Bastano veramente pochi dati, ma significativi, per capire quanto il nuovo strumento messo a disposizione da Twitter sia potente. Secondo un’indagine condotta da Nielsen (@Nielsen) in Irlanda e Regno Unito, dove la piattaforma per l’advertising di Twitter è arrivata prima, l’83% delle aziende intervistate che hanno ovviamente usato Twitter Ads la raccomanderebbero ad altre PMI. Ed ancora, il 72% delle aziende intervistate afferma inoltre che Twitter costituisce un canale importante all’interno della propria strategia di marketing aziendale. Come non dar loro ragione? Twitter, a differenza di Facebook per esempio, permette di creare veramente un legame più forte con il pubblico che ci segue. Inoltre, a parità di investimento (tempo e denaro) e a differenza del cugino maggiore, Twitter garantisce migliori risultati sotto diversi punti di vista.

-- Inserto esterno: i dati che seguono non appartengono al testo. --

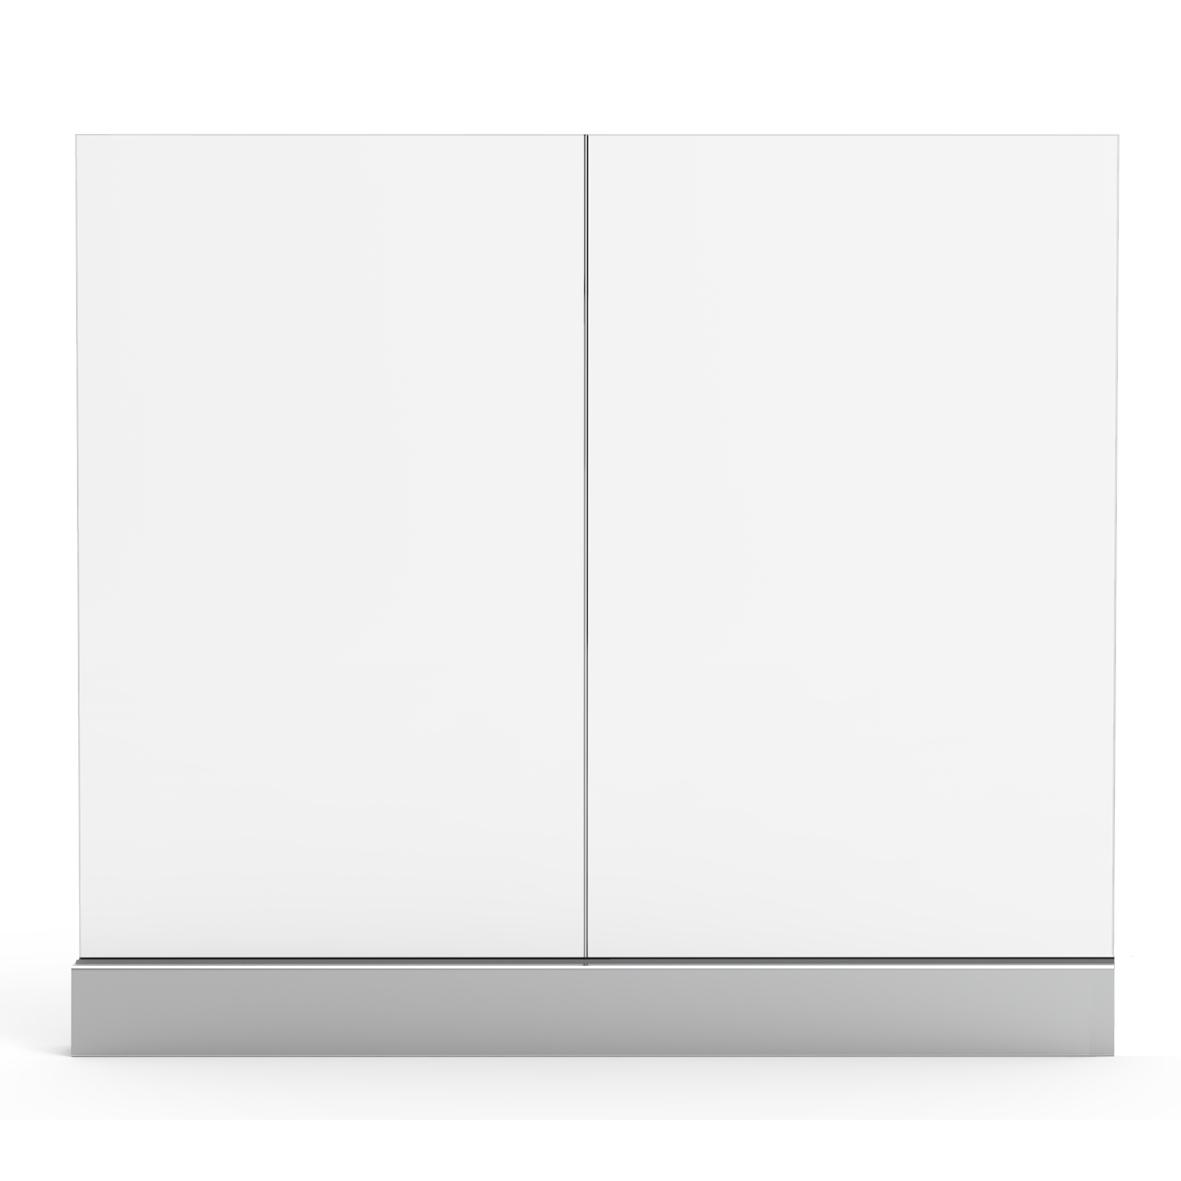 https://www.allpaint.it/wp-content/uploads/2021/07/ringhiere-alluminio-tg200-allpaint.jpg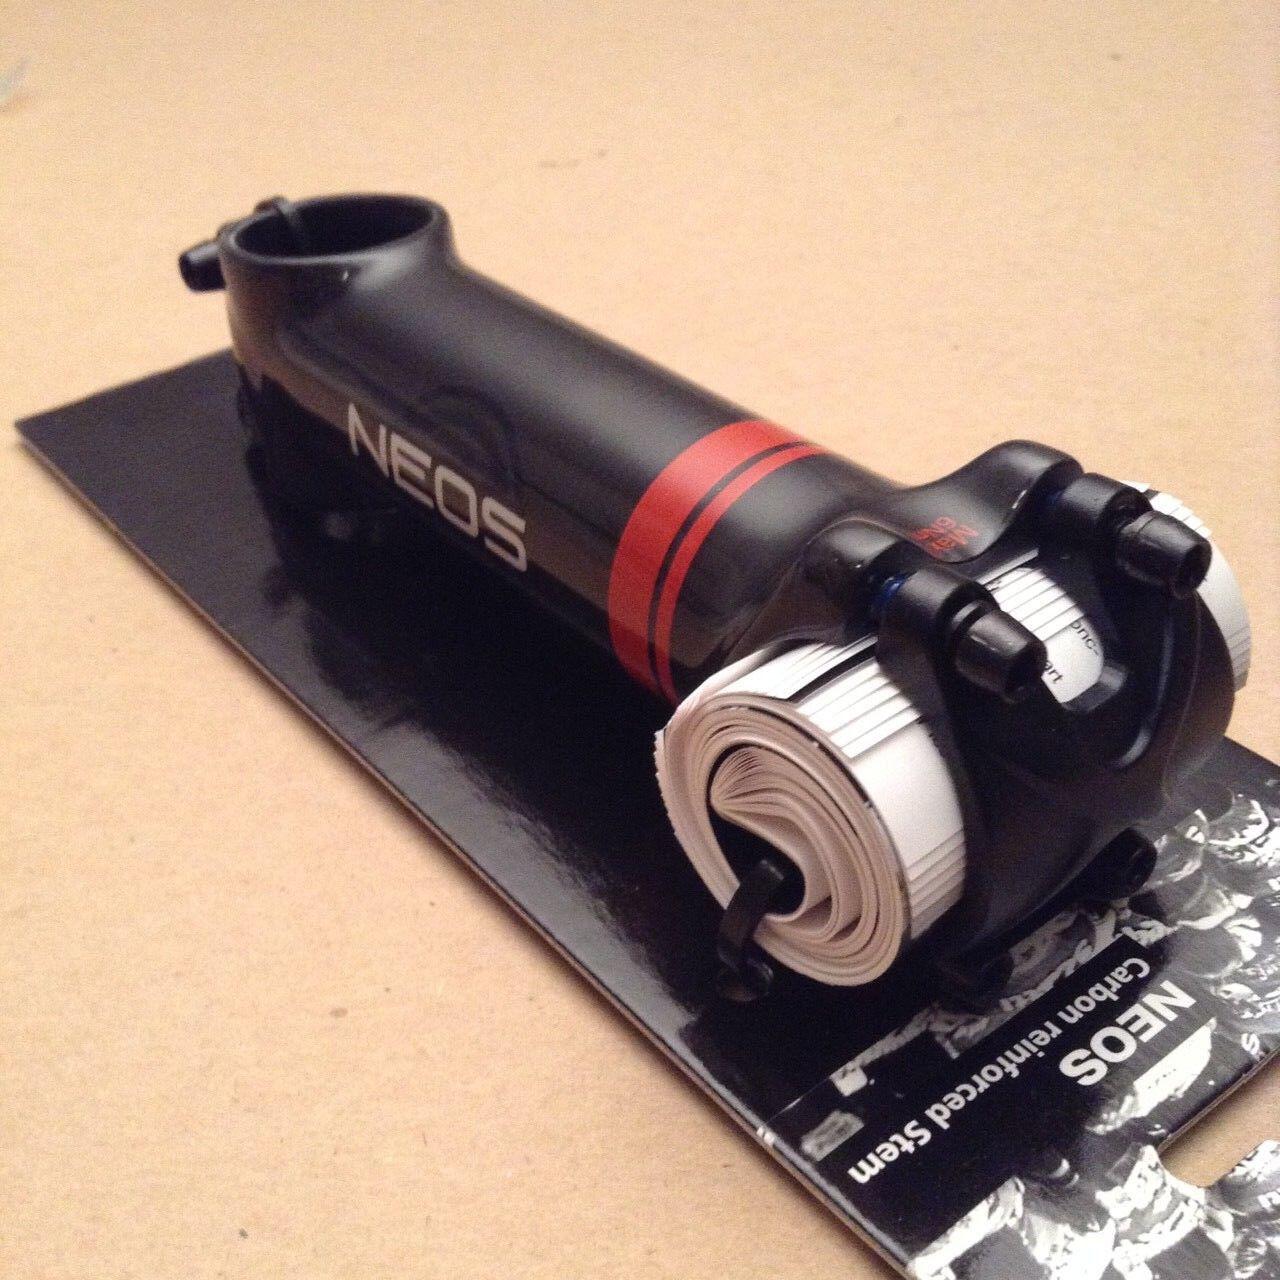 Cinelli Neos Aluminio Cochebono Vástago Reforzado 31.8mm X 120mm

Poi, chi ha un account Twitter sa benissimo (vi invito a guardare le statistiche) che non tutti i follower interagiscono con i messaggini che si pubblicano sul social network. Anzi il grado di interazione nella maggioranza dei casi è più prossimo all’1% che al 10%. Cioè la doppia cifra è un miraggio per la maggior parte degli account. Comunque questo problema è comune a tutti i social network, non tutto quello che si pubblica viene letto. Certo se ti chiami Jovanotti per esempio, il grado di interazione è maggiore, perché i followers sono tanti e la stupidità umana non ha limiti.